### [BRIEF]
With pictures removed, print the listing exactly.

### [MATERIAL PROVIDED]
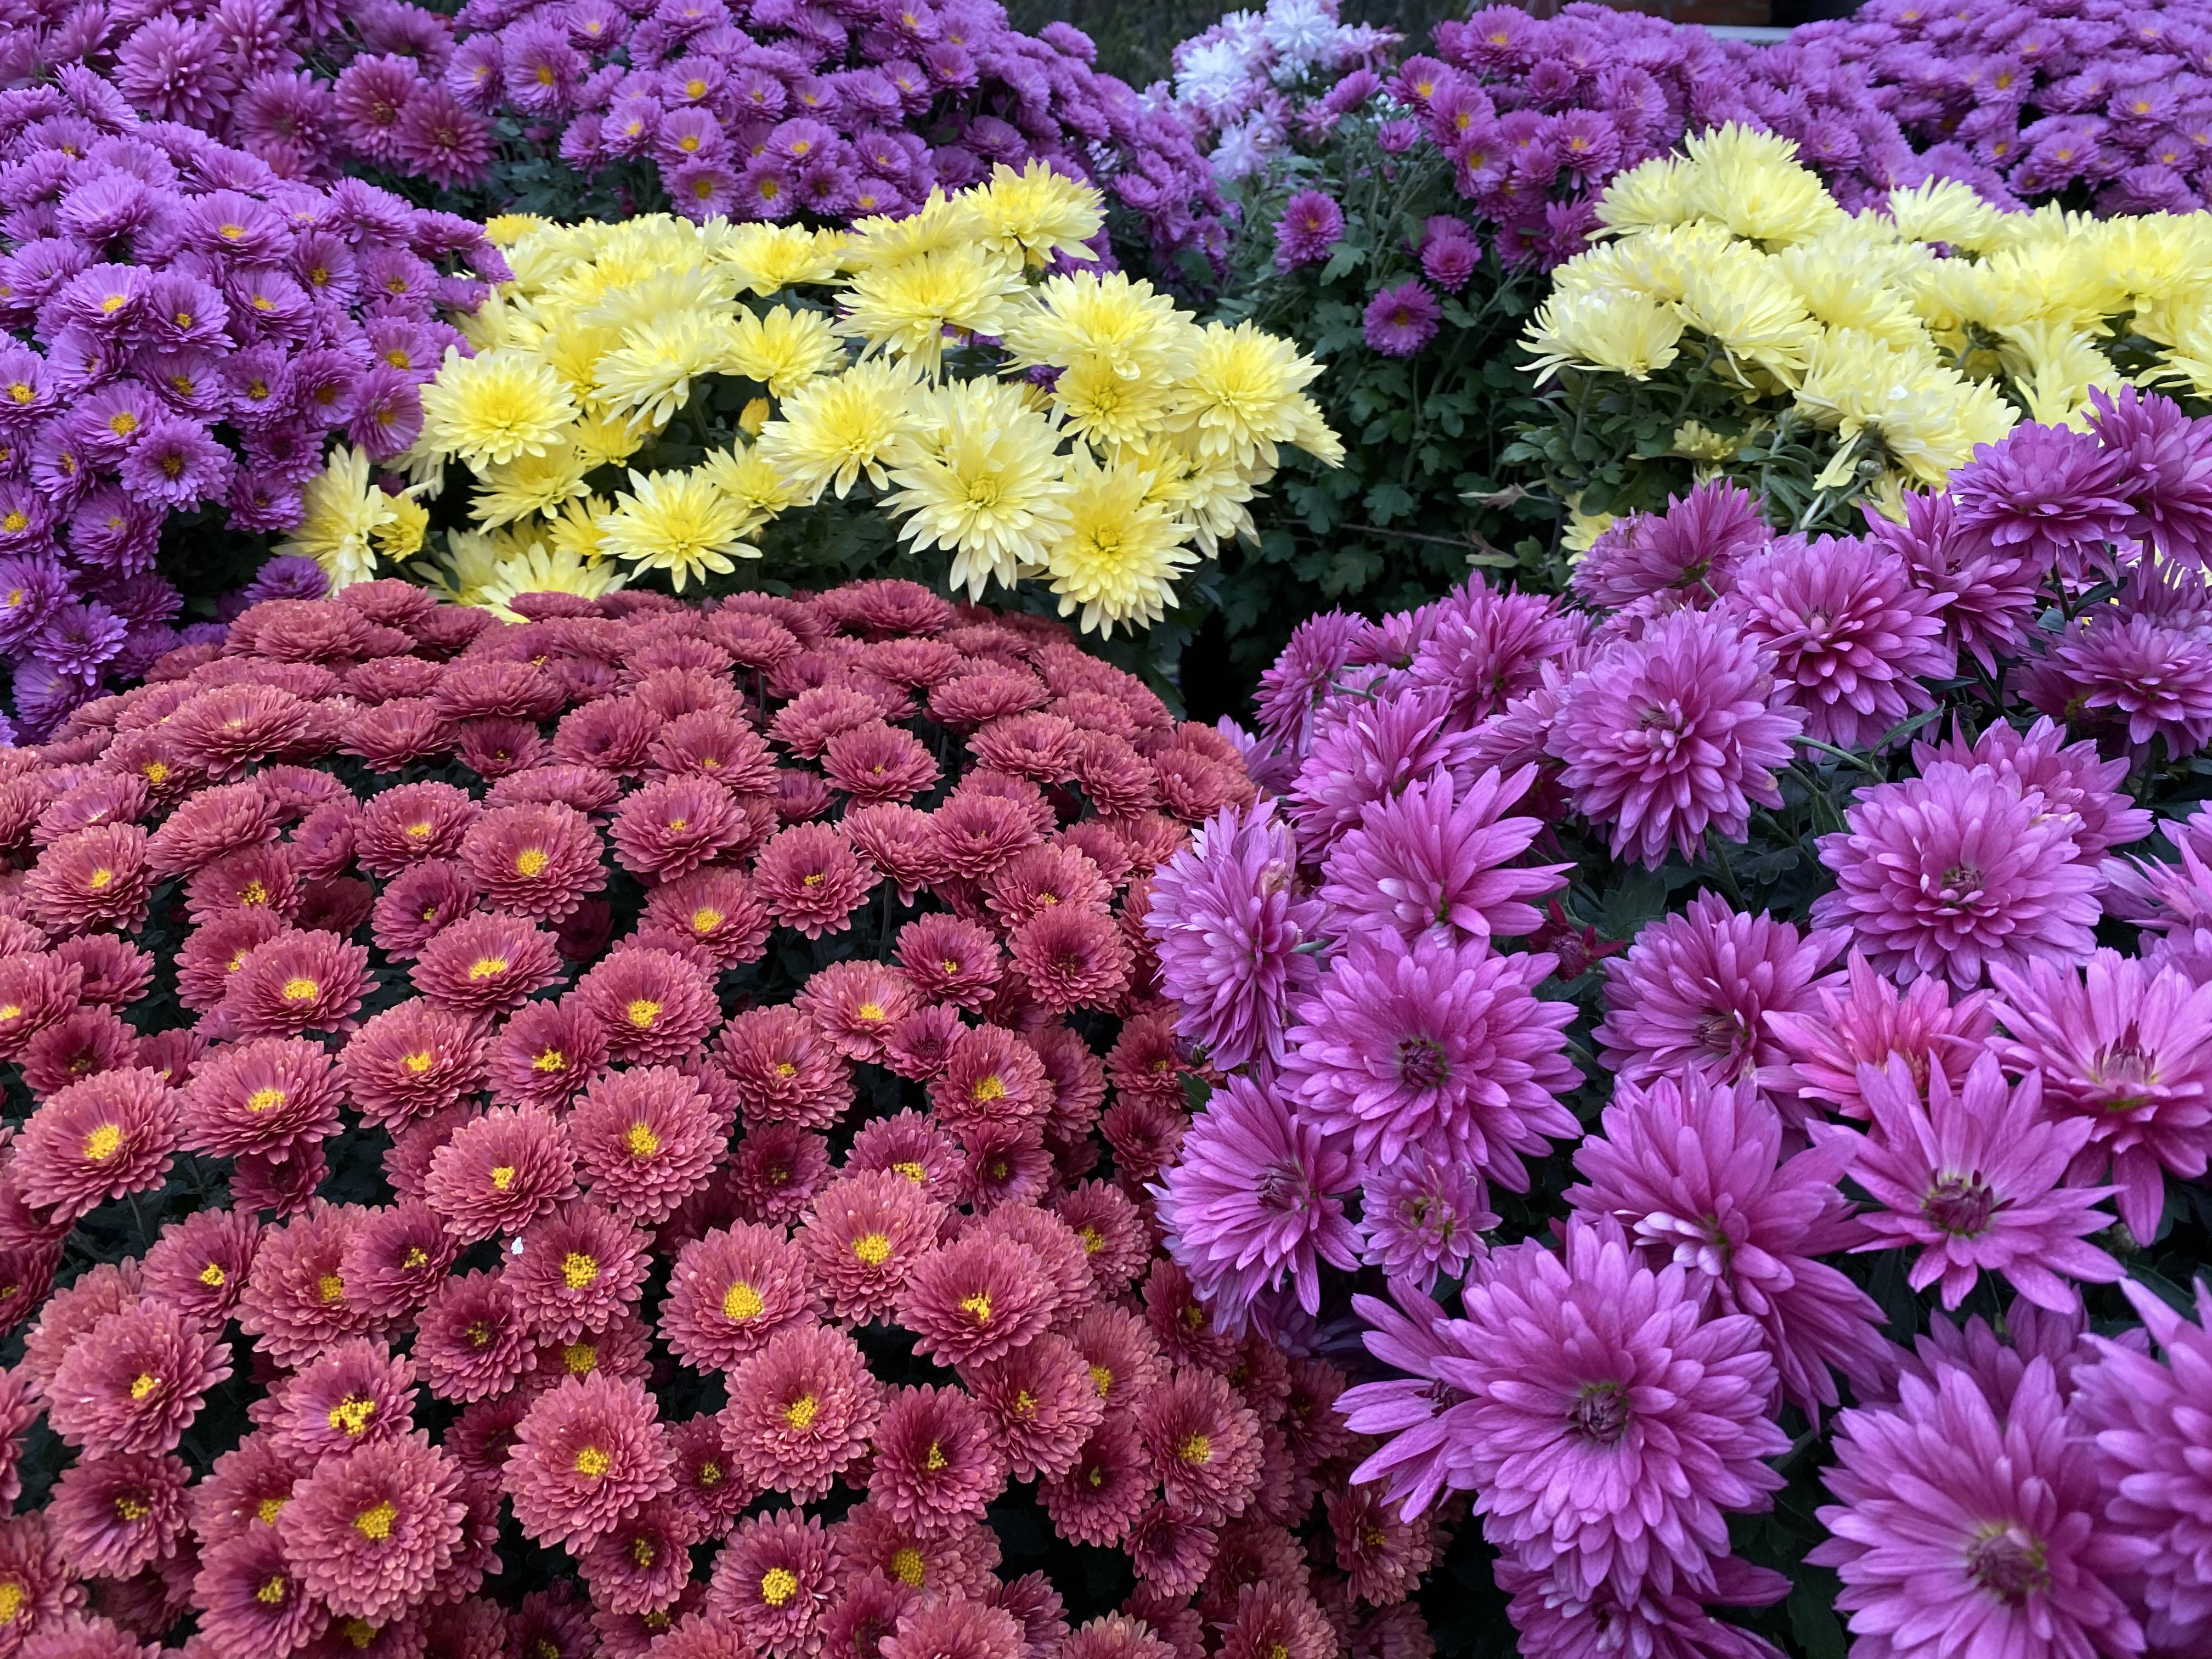 flores винница цветы
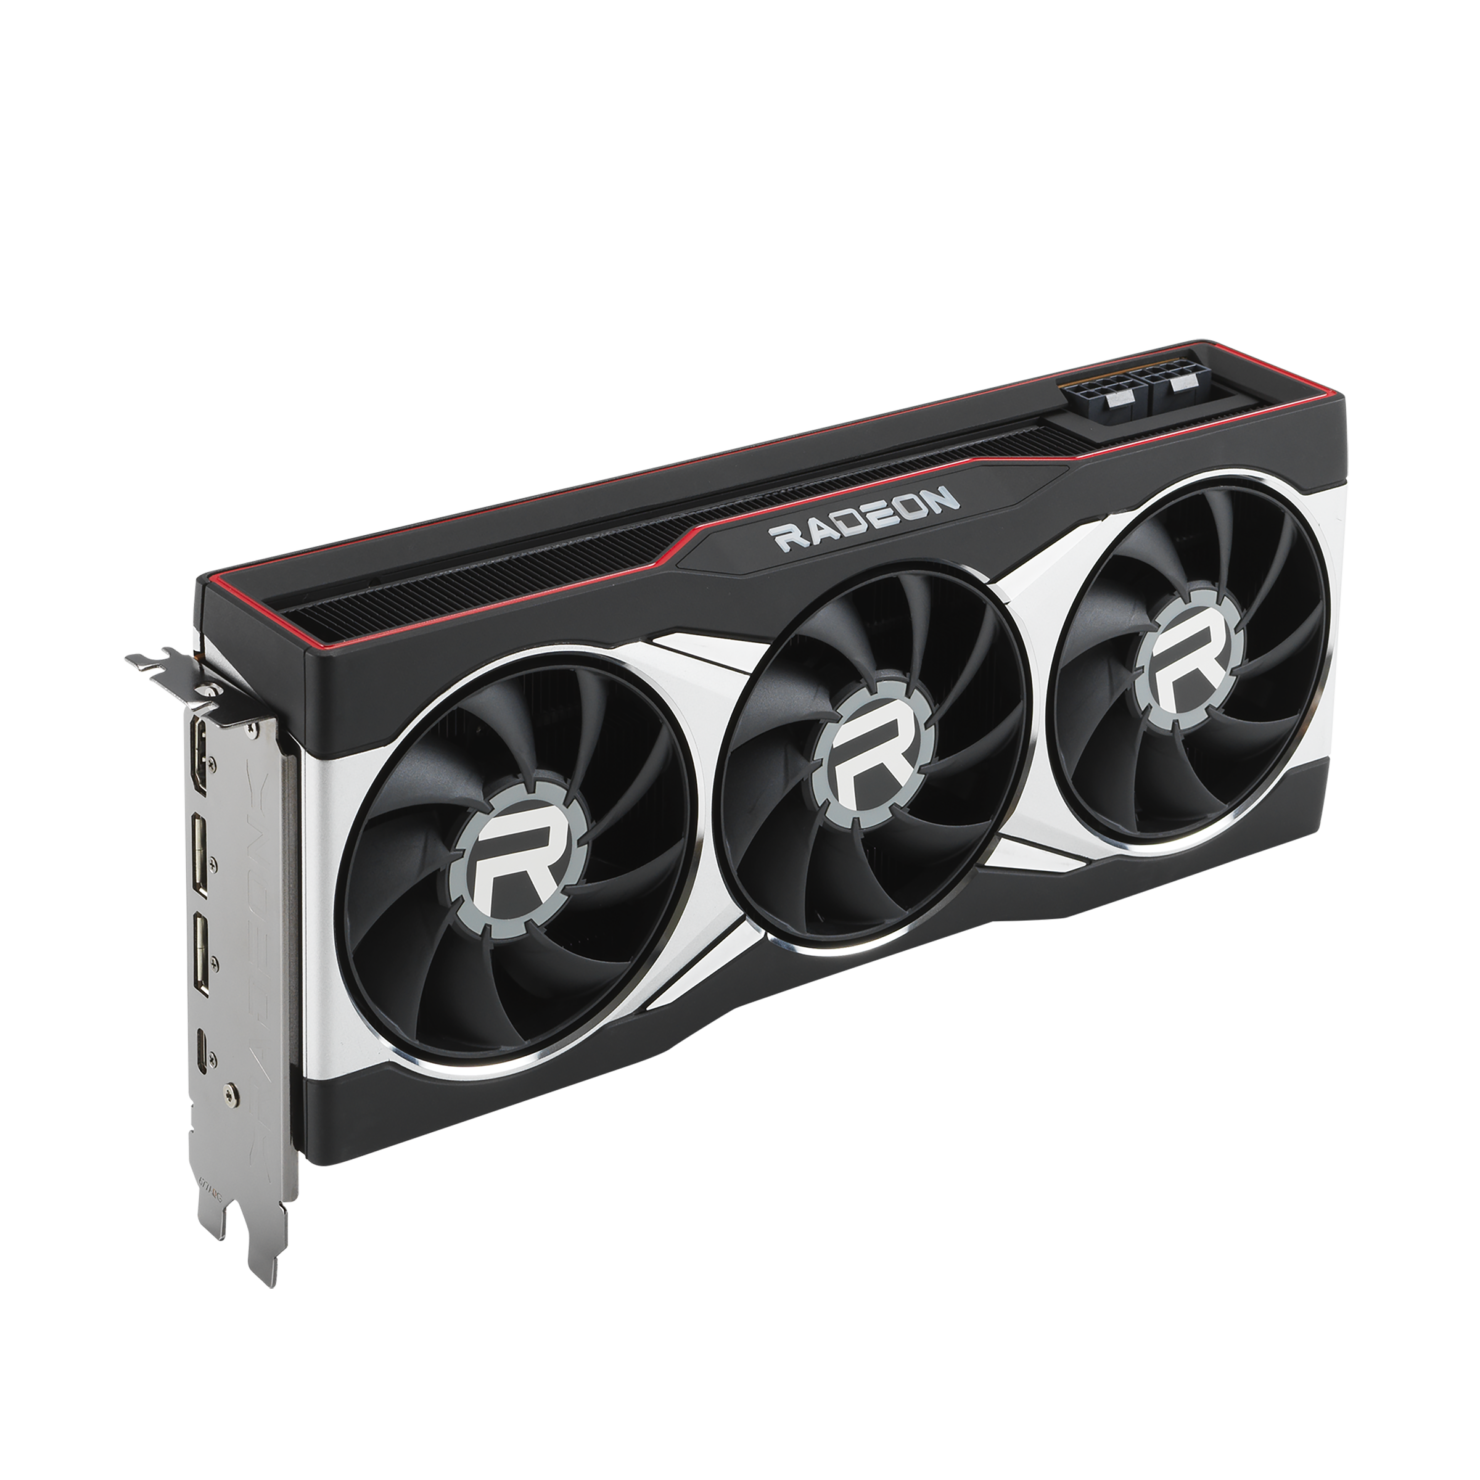 asus-radeon-rx-6900-xt-graphics-card_7
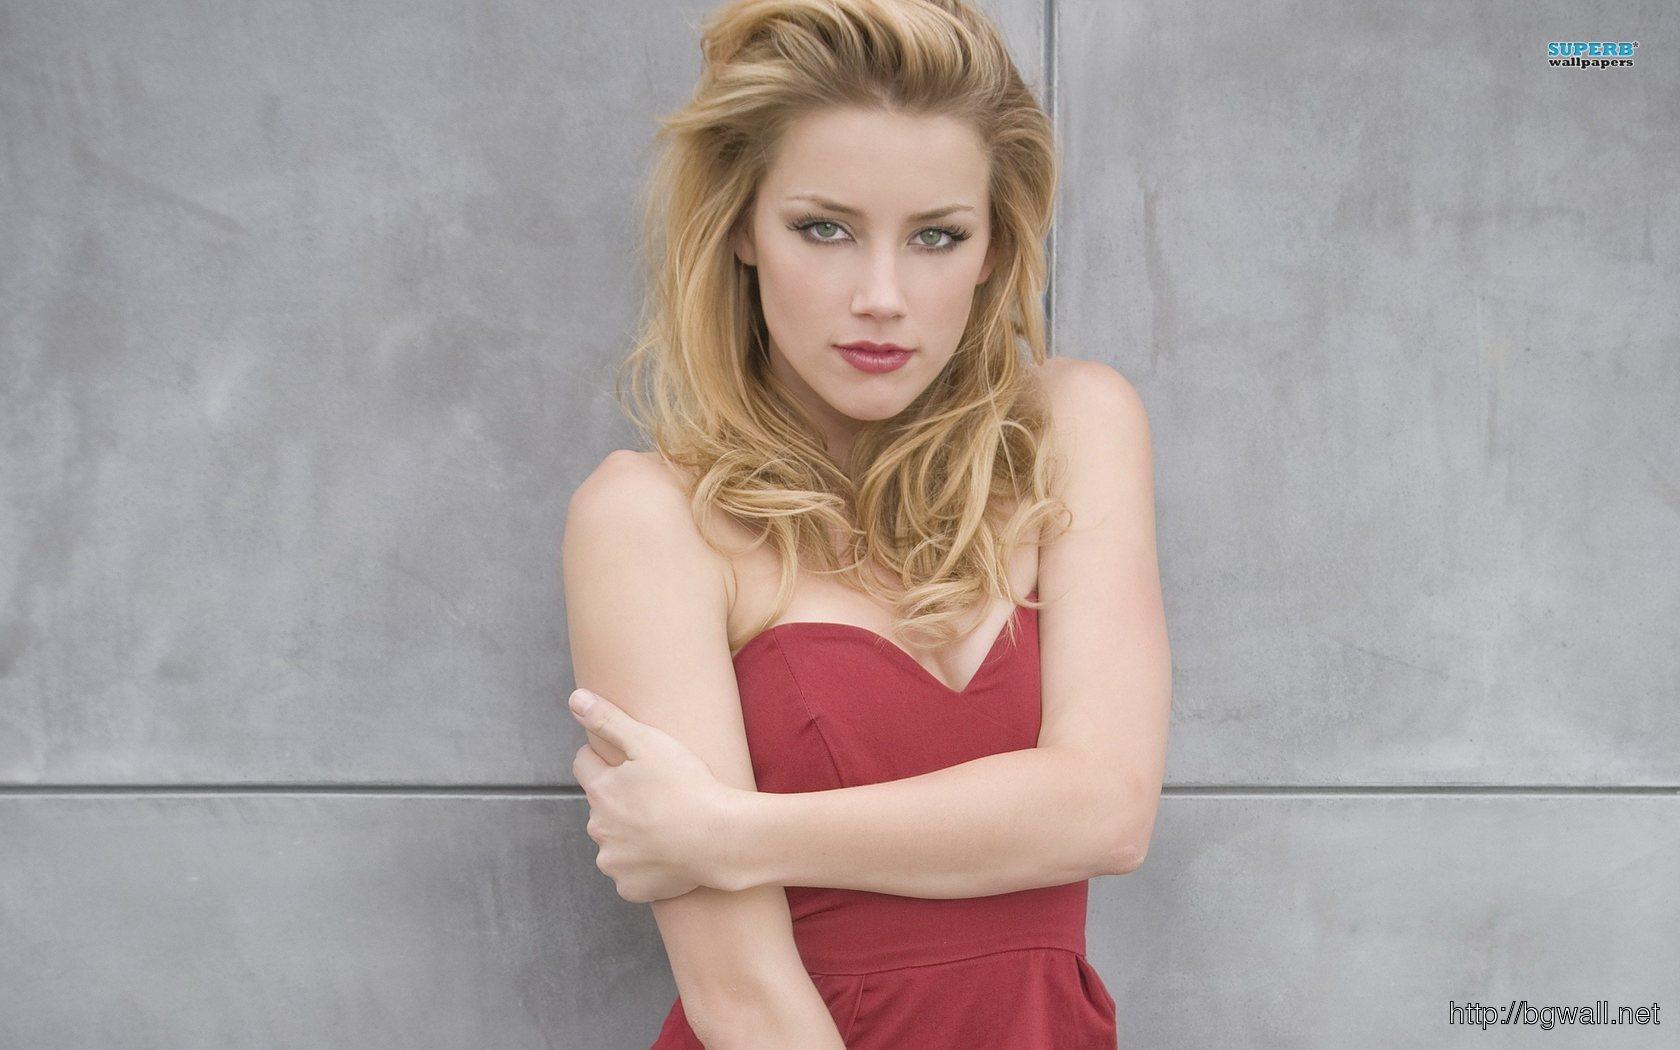 Amber Heard Wallpaper Full Size

### [TASK SOLUTION]
 flores винница цветы
 asus-radeon-rx-6900-xt-graphics-card_7
 Amber Heard Wallpaper Full Size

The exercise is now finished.